The main challenge for late starters like me is the lack of time.

The lack of time to accumulate funds for investing, paying off outstanding debt, for boosting superannuation and simply for learning about the world of finance.

Superannuation funds tend to push us into more conservative investment mixes (another thing I intend to delve into sooner rather than later), further hindering the opportunity to grow wealth. 

The only way to compensate for this is to find ways to increase your income (not that I’ve done this yet other than through being promoted a couple of years ago), decrease expenses (I’m working on it), and learn enough about investing to make good choices – ones that aren’t so risky that you’d lose your dough, but not so conservative that they won’t provide the income and growth we need.

The advantage of starting late, though, is that I think we have more patience and are less likely to get sucked into BS money making schemes (multi level marketing, anyone? – and yes, I’ve been there too, when I was young and stupid)

Our knowledge of the ups and downs of the past provides us with the understanding that, should things go pear shaped, they will eventually return to normal, making it (hopefully) easier to resist the pull of the herd.

What's next?

So where to from here? As previously mentioned, getting rid of the mortgage is my short to medium term goal. And then after that, I want to start investing outside of superannuation. 

I also need to start thinking about where I want to live when I do retire.

And I really need to take a few holidays! 

Latestarterfire comments

Thank you, Fire For One for sharing your story.
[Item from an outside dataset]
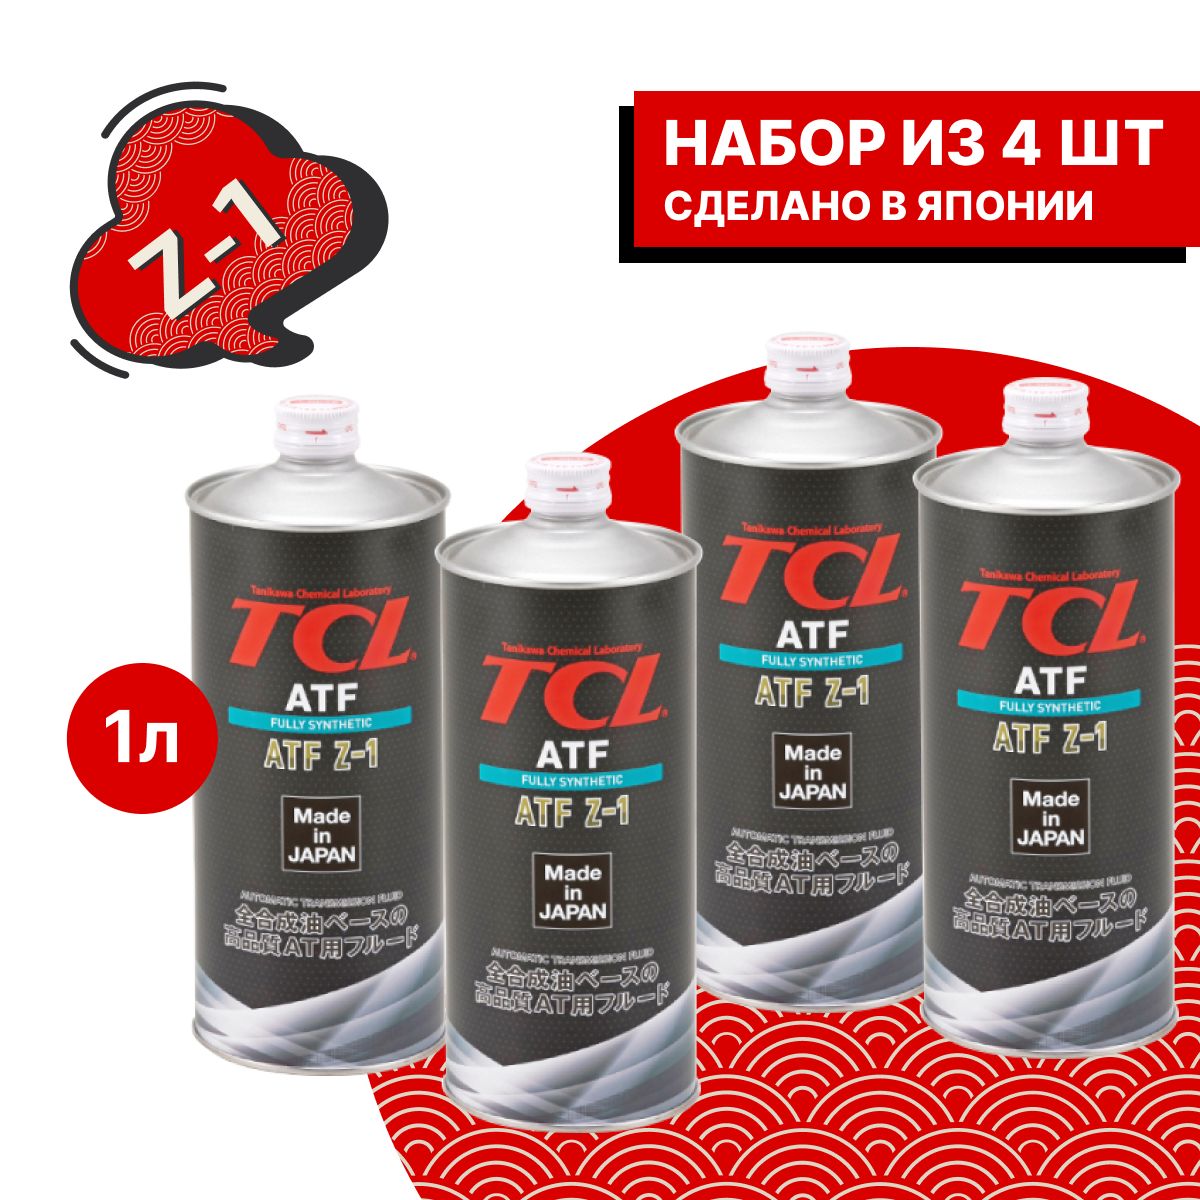 Tcl atf. TCL для АКПП В железной круглой банке.

As a single woman myself, I totally resonate with your wanting to be financially secure because there is no one to look after us in our old age.

Working in the public service sector was always a sought after job in my days. It goes to show that the most secure of jobs may not be that secure after all. I do remember Campbell Newman’s time in office – he made the news in Victoria too.

But the good thing that came out of that period was to motivate you to seek financial security. And now you are on the FIRE path!

I love your cat sanctuary idea – wouldn’t it be great if your dream came to fruition! And it would be an awesome project for retirement … just saying!